Toni Aubin Explained

Toni Aubin
Birth Name:Maria Antoinette Rubio
Birth Date:September 22, 1927
Birth Place:Antioch, California, U.S.
Death Place:San Joaquin, California
Genre:Vocal jazz, swing
Occupation:Singer
Instrument:Vocals
Years Active:1947–1950
Label:Black & White
Past Member Of:Earle Spencer

Toni Aubin (née Maria Antoinette Rubio; 22 September 1927 – 10 February 1990) was an American jazz vocalist who sang with big bands in the 1940s.

Career

Aubin is most known as a featured singer with Earle Spencer and His Orchestra, with whom she began performing in 1949. Before that, from about 1946 to about 1947, she toured with the Louis Ohls Orchestra out of Arkadelphia.

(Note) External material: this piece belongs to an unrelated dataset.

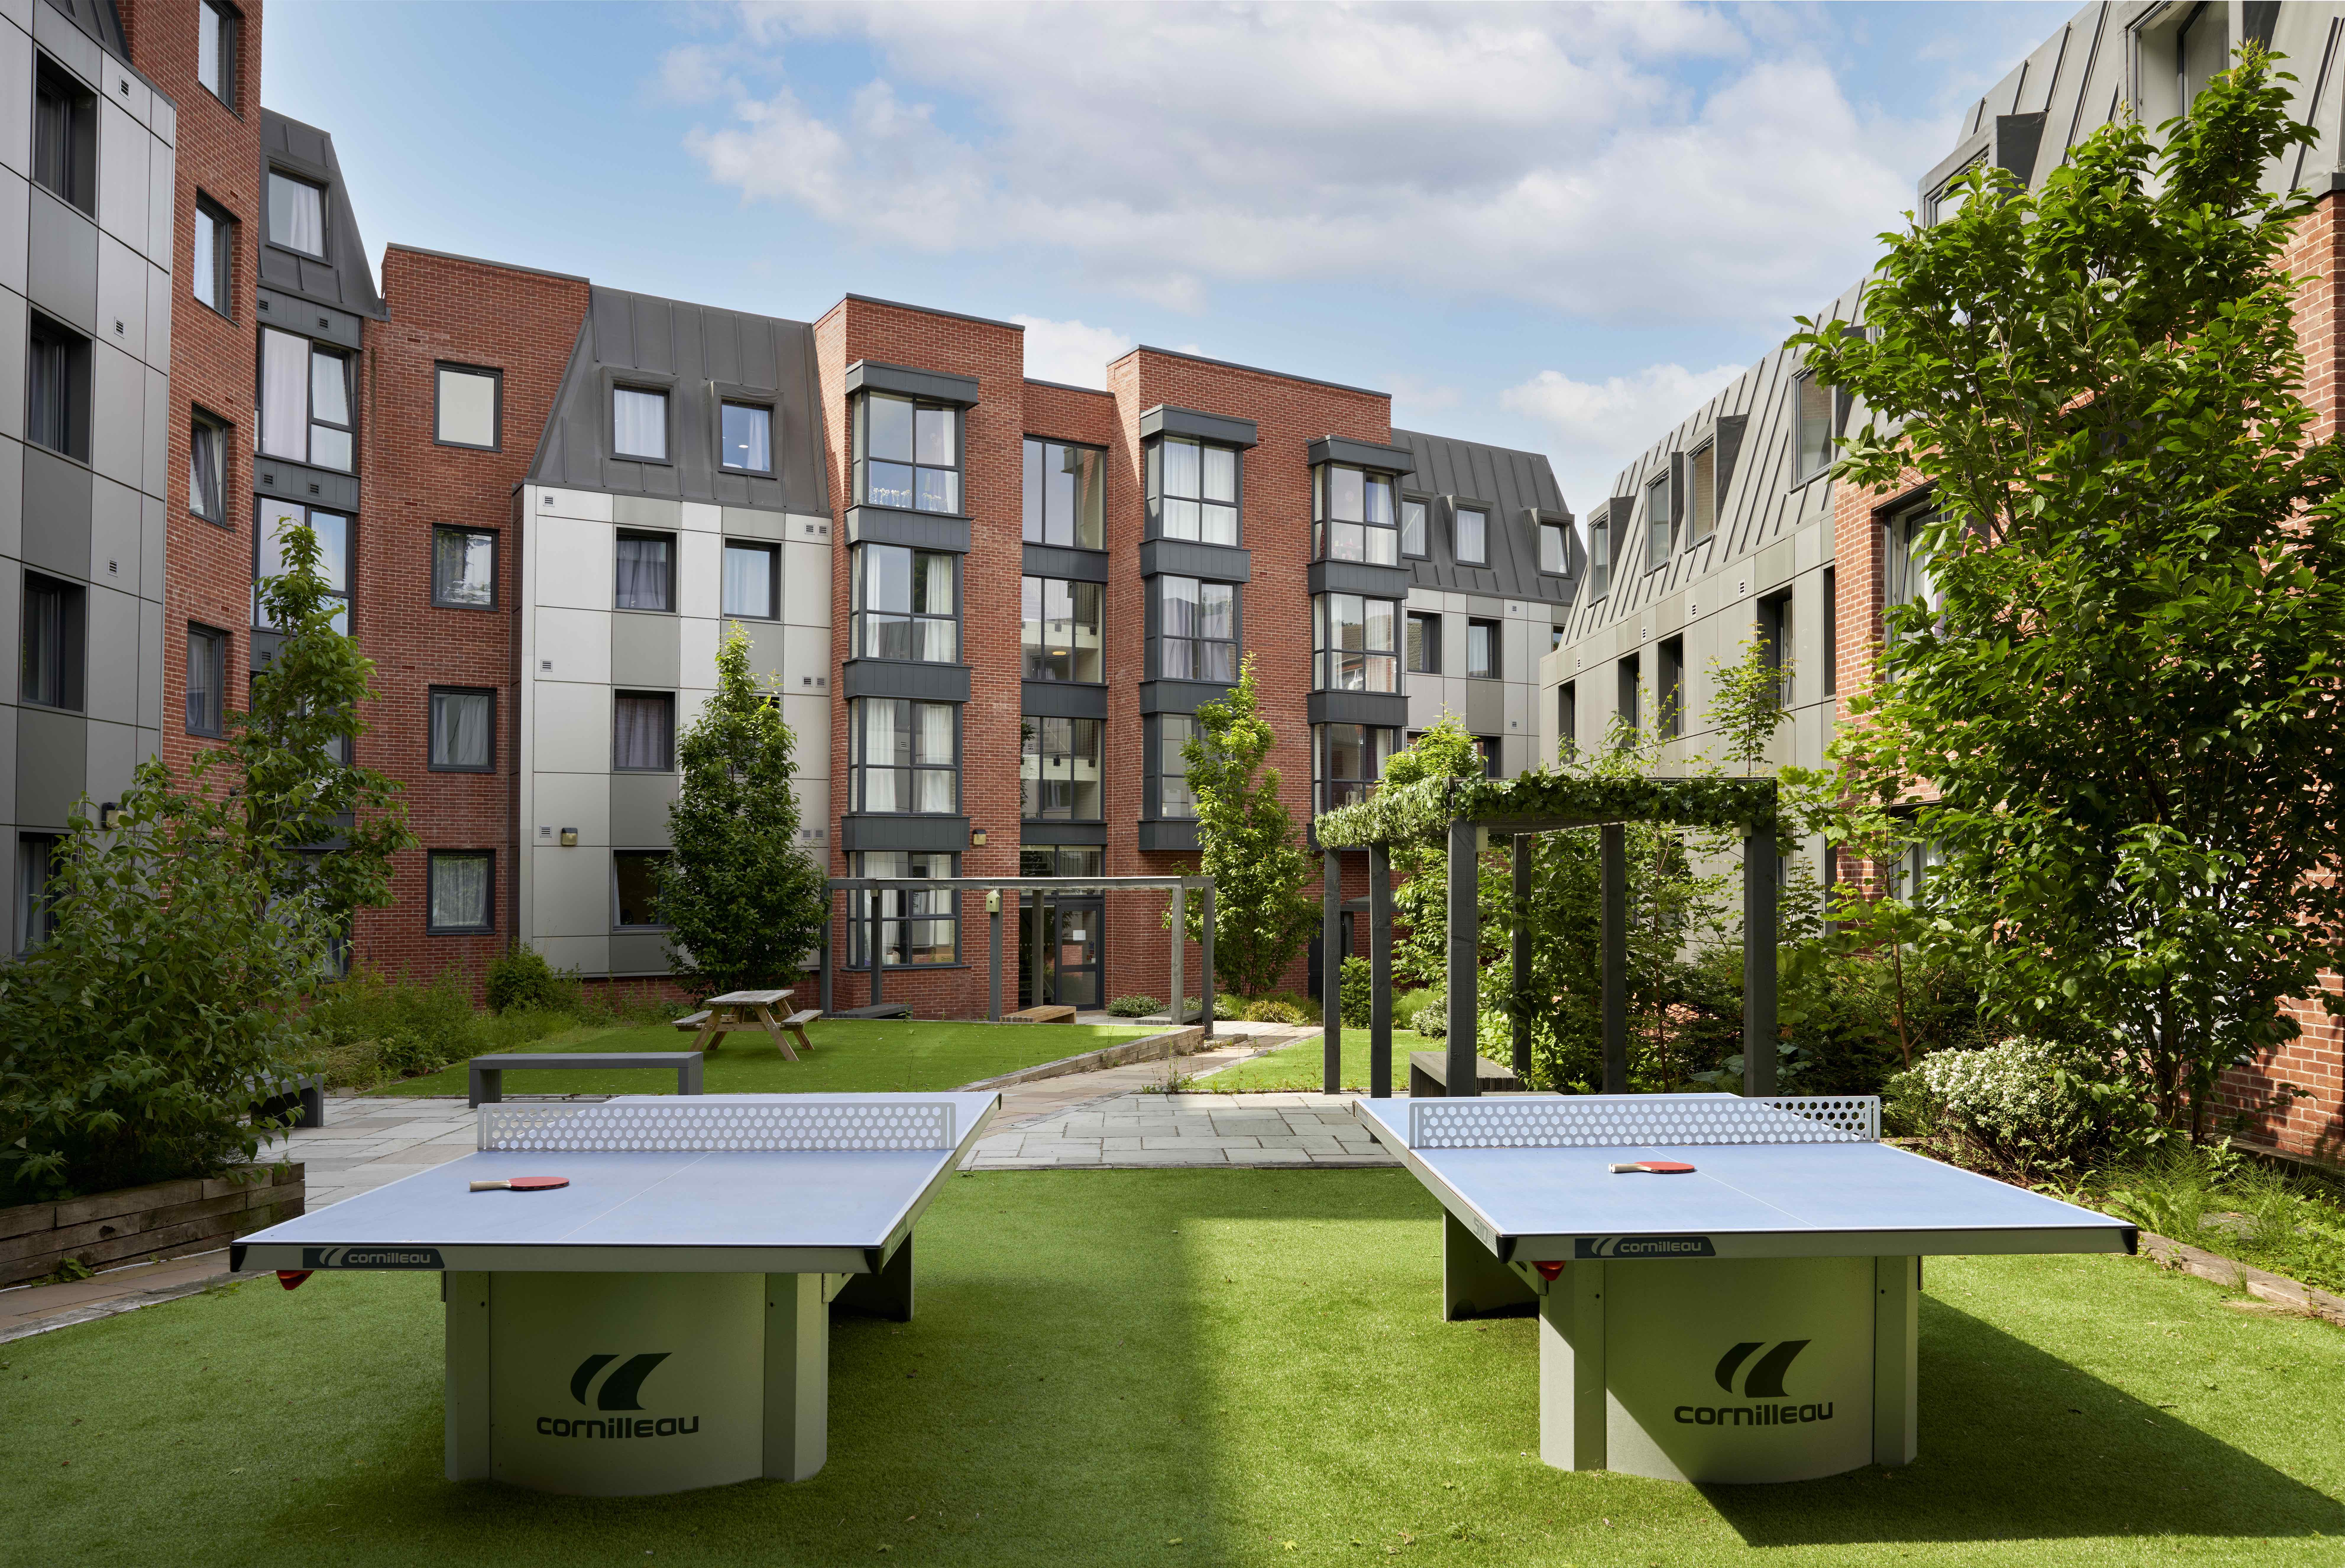 Leeds student accommodation outdoor games area

In 1947, Aubin, while singing with the Louis Ohls Orchestra, shared a featured billing with Art Pepper, who, at the time, was arranger and saxophonist with the orchestra. Aubin had also sang with the Phil Carreon Big Band out of Los Angeles.

Pseudonym

Her stage name is that of the French composer Tony Aubin.

Family

Both of Aubin's parents – Mike Rubio (né Miguel Rubio Peña; 1882–1933) and Frances Espinosa Rubio (1891–1985) – were born in the Andalusia region of southern Spain and immigrated to the United States in 1913. Aubin (Maria Antoinette Rubio) was married from 1947 to 1949 to Howard Ansley Phillips (1929–2010), who played baritone saxophone in the Spencer Orchestra from 1947–49, and then settled in Las Vegas, where he would play for all of the major hotels for the next four plus decades. Ms Aubin (Rubio) gave birth to a girl in 1951, but gave her up for adoption (identity and whereabouts unknown). She also had a son, Ian Charles Phillips (born 30 Sep 1949 Pasadena, California), whom she raised.

In 1954, she married Jack Stanley Lanning (1923–2000), they had 4 more children, 2 sons and 2 daughters. They remained married until her death.